While many people assume they may qualify for Medicaid in retirement, early planning is essential in determining how income and assets will affect getting benefits.
This can be truly scary for people who simply don’t know how to navigate the process.
Iddins Law Group can help empower you in your particular situation regarding Medicaid benefits.
”People need to understand that there are so many tentacles when it comes to being eligible for Medicaid that they need to plan well in advance to get those benefits,” says Robert Iddins, managing law partner of Iddins Law Group in Kent. “They need to start properly structuring this now before the years start unfolding too quickly.”
Here are three major points that Iddins Law Group wants you to know:
1. Five-year lookback window
In evaluating your eligibility for Medicaid, an applicant must disclose if they have done any gifting in the past five years. “Medicaid has a five-year lookback window, and if an applicant has done any gifting in that period, it could jeopardize their Medicaid eligibility. The ineligibility period would be based on the size of the gift,” says Iddins.
“The policy behind this is that a person can’t give away all their assets and then ask the State to pay for your care. If you do, you need to make it past the five-year lookback window,” Iddins says.

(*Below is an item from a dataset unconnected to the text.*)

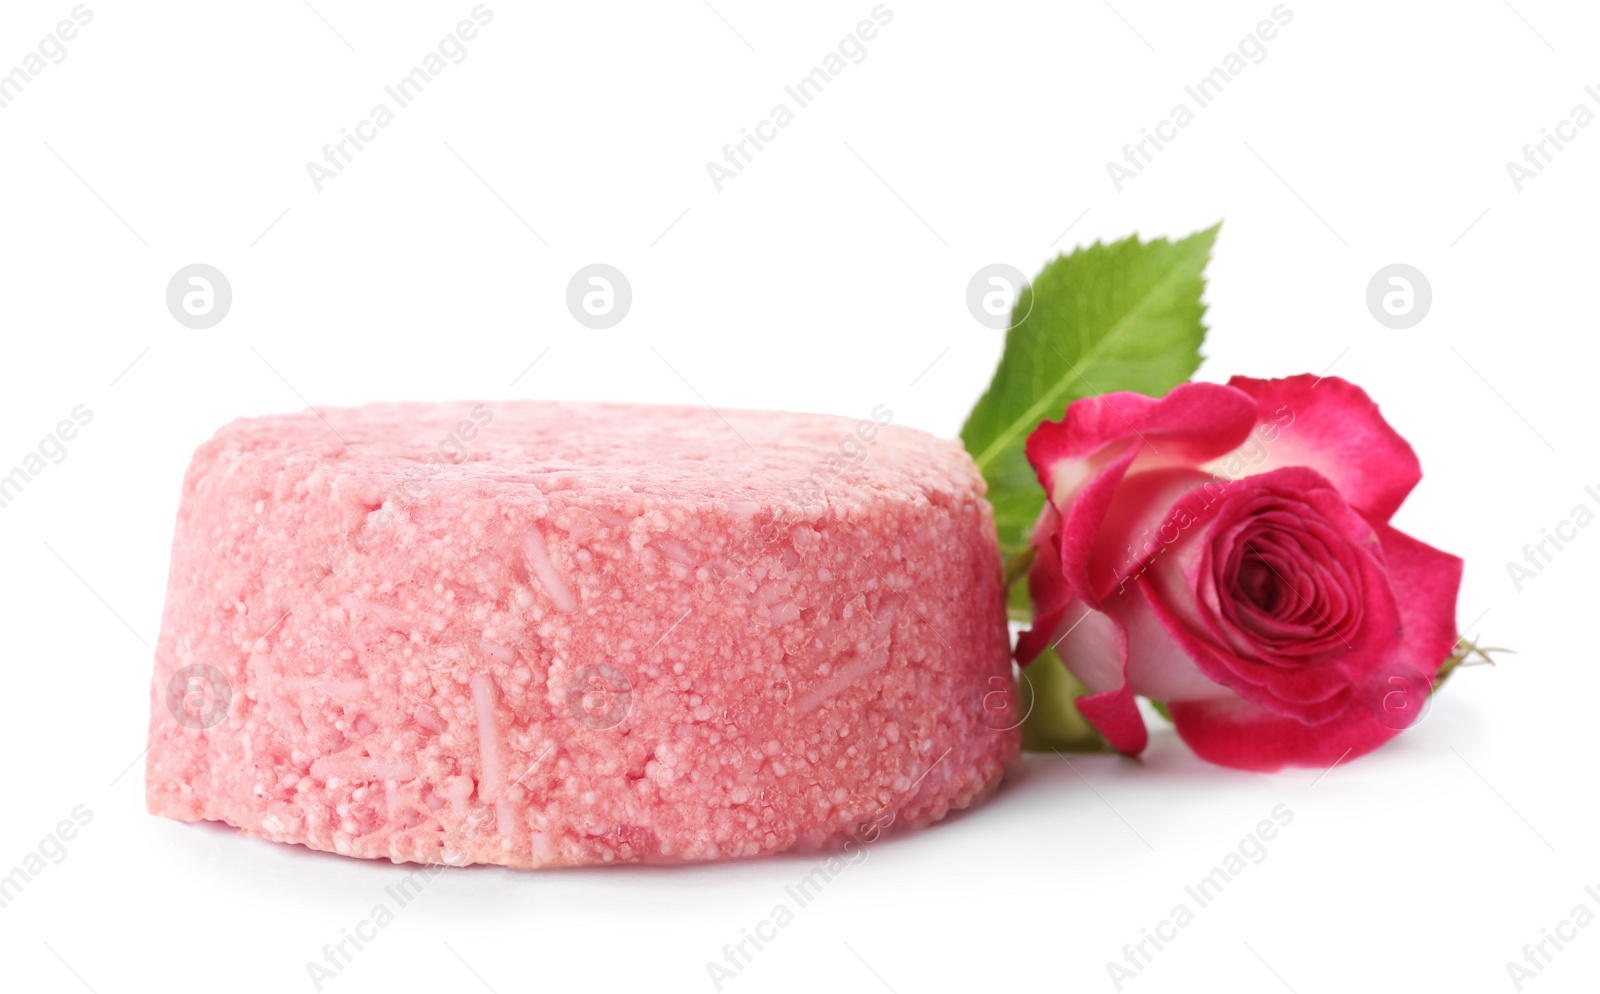 Photo of Solid shampoo bar and rose on white background. Hair care

2. Income, Assets and Exempt Resources
If a person needs long-term care in a facility or if they get in-home care, it can be quite costly. “For example, if a person needs nursing home care at a cost of $10,000 per month, but their income is only $3,000 per month; that is a $7,000 per month deficit. If this person has $100,000 in liquid assets they can private pay for approximately 14 months before their funds run out. Knowing your time horizon for assets and income and which resources may be exempt is critical. It is all in the planning, and the earlier you do it the better,” says Iddins.
3. Not all care facilities are the same
Many factors come into play when picking a long-term care facility for a loved one: Cost, atmosphere, level of care, and whether they accept medicaid and on what terms. Many facilities want an applicant to private pay for several years before they will accept Medicaid. If a facility says they will accept Medicaid after their private pay period, I would highly recommend getting that in writing!
Don’t be caught off guard
The bottom line is that good people can be caught off guard when they assume they’ll qualify for Medicaid, and then don’t meet the requirements.
The good news? “There are things you can do if you plan early,” Iddins says.